On 08/18/11 21:29, Pierre Abbat wrote:
I'm recompiling world (and later kernel, to fix the Linux emul bug) and
watching top. The tor process keeps the same pid, but sometimes it's in CPU 1
and sometimes in CPU 0. How come? Also, besides programs in state RUN,
there's often one in CPU0 and one in CPU1. What does this mean?
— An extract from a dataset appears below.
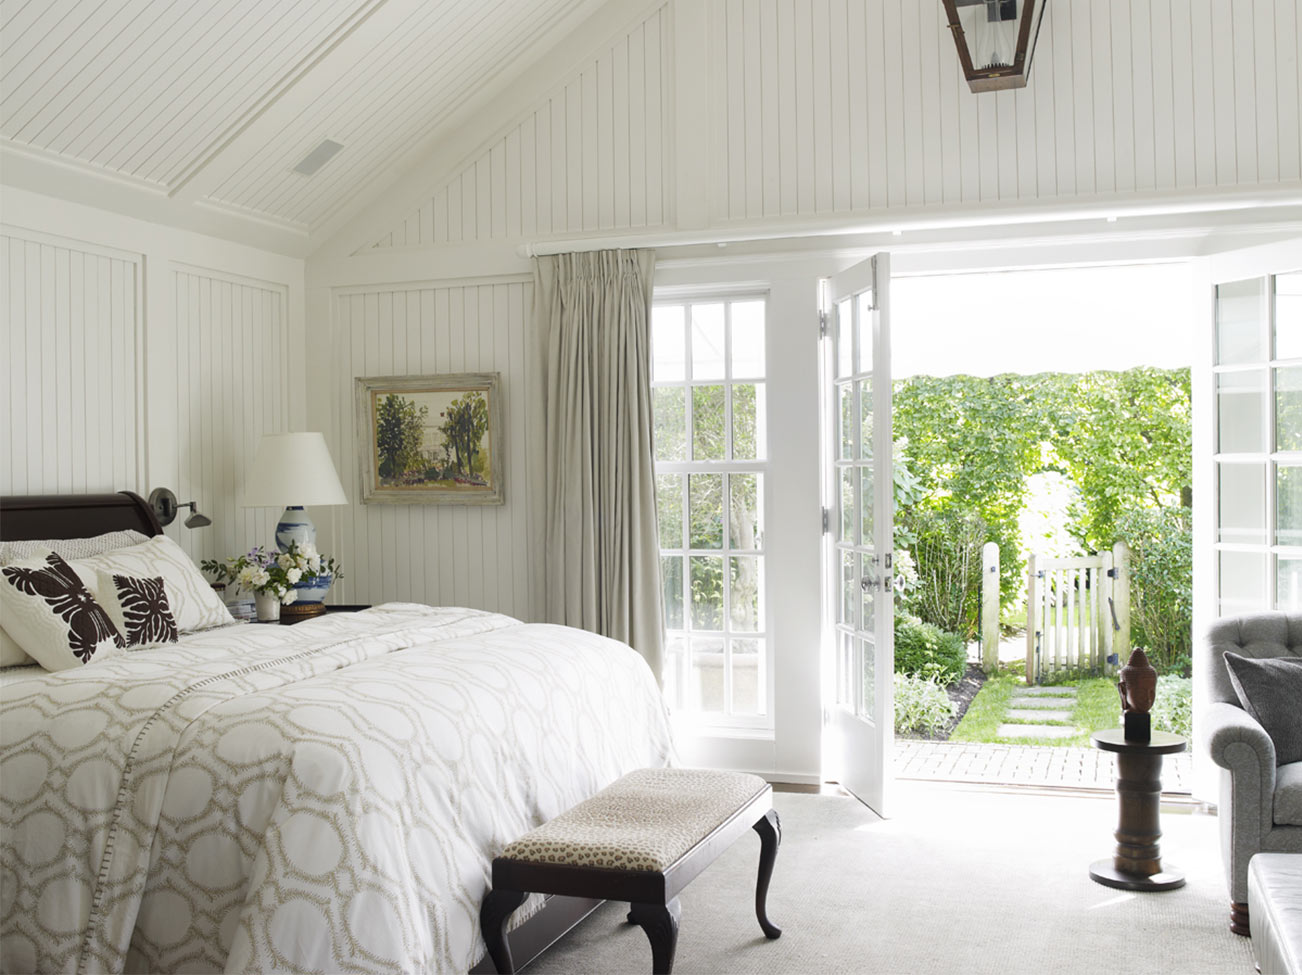 Bedroom with white beadboard throughout, elegant bedding and bedroom bench, gray arm chair and French doors open to a garden.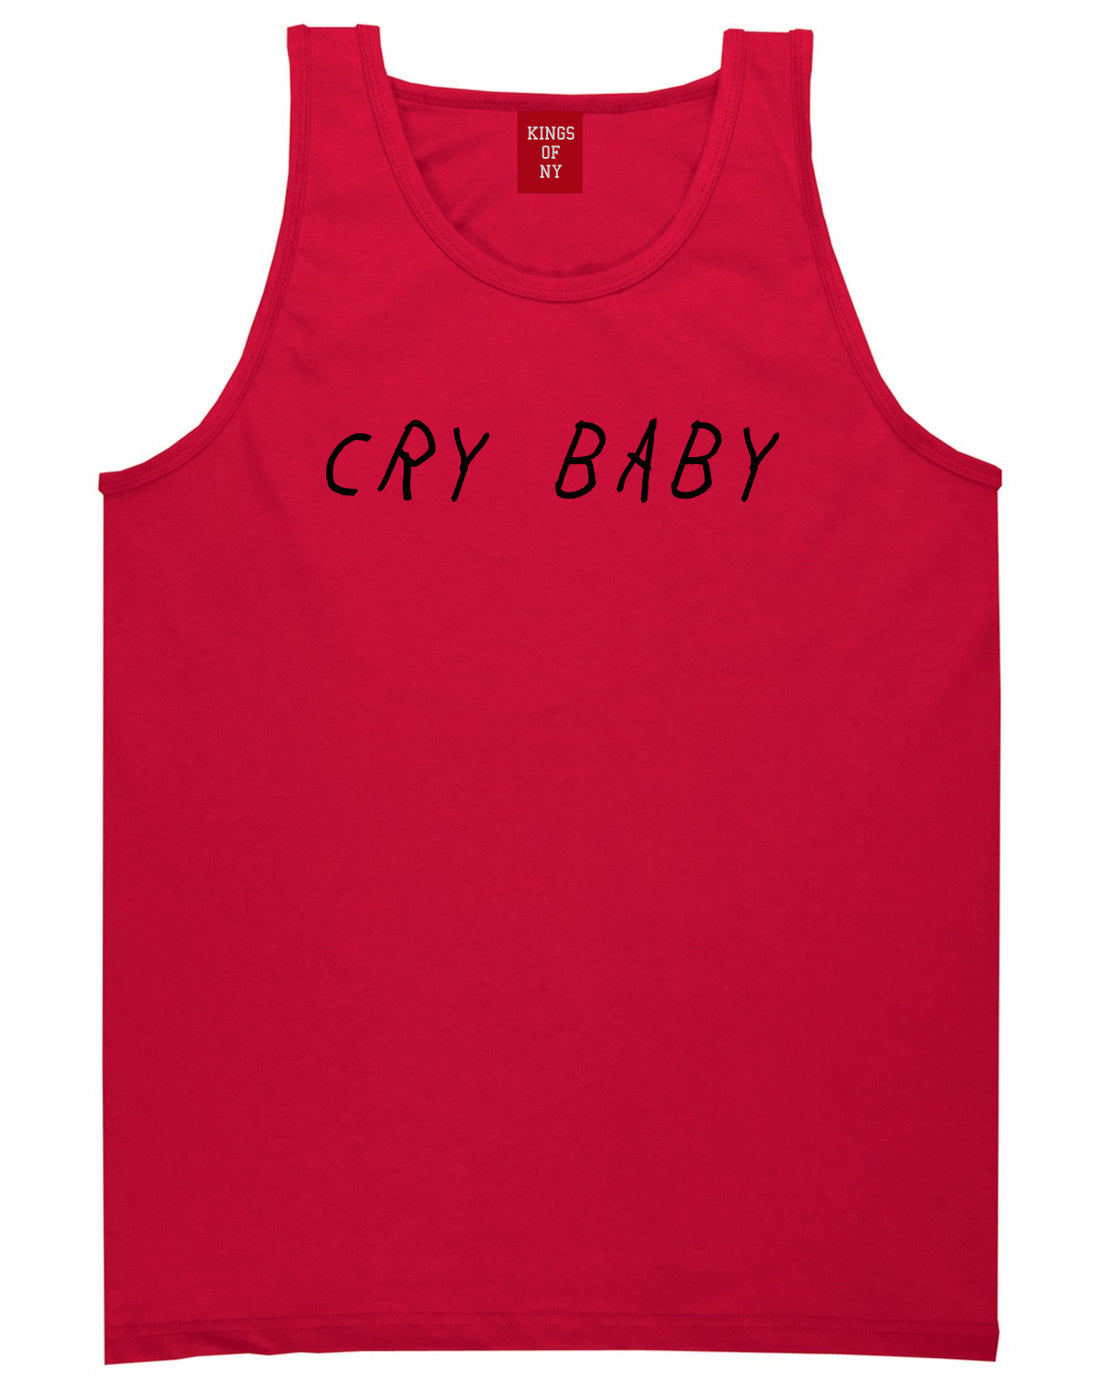 Cry_Baby Mens Red Tank Top Shirt by Kings Of NY

This is by design - processes which need to run are scheduled to available CPU
resources
which might change depending on other processes being activated. There is some
scheduler
code to manage migrations but I don't recall the specifics of when this
does/does not happen -
the parameters/penalty of switching vs not switching being either the cost of
migrating
available CPU cache / process state vs waiting for the current processor
becoming available.
The technical term for keeping one process assigned to a single processor is
called 'cpu affinity' -
we have such a feature in the usched_set(2) library function but I don't think
there is an easy
userland tool (a la nice(1), ioprio(1), rtprio(1), etc) to launch programs
using this feature, though
it should be fairly trivial to set this up assuming the assignment is kept
across fork/exec calls -
I defer to the cpu-affinity gurus on this for the time being.. :D
as for the processor states being RUN on 2x CPU's - thats because if you have N
CPU's, N programs
can be running at once, one on each cpu.